A tremendous surge in the overseas market on Thanksgiving Day sent the two-year note yield down to about 60 basis points and the 10-year yield down to 3.15 percent, Sullivan said. Since then, yields have moved higher, "largely because the fallout from the Dubai World debt crisis appeared contained and reversed the flight-to-quality," he said.
Preparing for supply next week added to the upward pressure on yields, Sullivan said. While the "official" consensus forecast calls for November nonfarm job losses of 125,000 to 130,000, so-called "whisper" numbers assert job losses might be fewer somewhere between 25,000 and 50,000, Sullivan said.

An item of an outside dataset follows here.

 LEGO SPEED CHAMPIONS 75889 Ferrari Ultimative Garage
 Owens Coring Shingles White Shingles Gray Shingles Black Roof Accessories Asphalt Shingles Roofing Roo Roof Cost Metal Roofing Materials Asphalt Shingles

Those below-consensus estimates are tied to a seasonal adjustment related to enormous nonfarm payroll job losses recorded in November 2008, analysts said. The adjustment could minimise the job loss count this November and give the report a stronger tone than the consensus forecast, they said. "November job losses of 25,000 to 50,000 would be negative for the Treasury market," Sullivan said.
On the other hand, if job losses turn out to be steeper than anticipated, Treasuries could rally. "The Treasury market has been on the defensive once it looked as if Dubai was contained," Sullivan said. In addition, cash has flowed back into global equities. "Thus, the Street could be net short for tomorrow's payrolls statistics," Sullivan said.
Since Thanksgiving last Thursday, the 10-year Treasury yield has climbed to 3.39 percent from 3.15 percent. A neutral non-farm payrolls number as far as the Treasury market is concerned would be job losses of 100,000 to 200,000, Sullivan said. "If job losses top 200,000, that would encourage some buying of Treasuries and short-covering," he said.
"If the 'whisper numbers' are correct and job losses turn out to be fewer than 100,000, you could see the 10-year note yield gravitate toward 3.50 percent, especially heading into supply next week." The US Treasury said it would sell $40 billion in three-year notes on December 8, $21 billion in reopened 10-year notes on December 9 and $13 billion in reopened 30-year bonds on December 10, all to settle December 15. The Treasury estimated $14.6 billion of coupon securities held by the public will mature on December, December 15.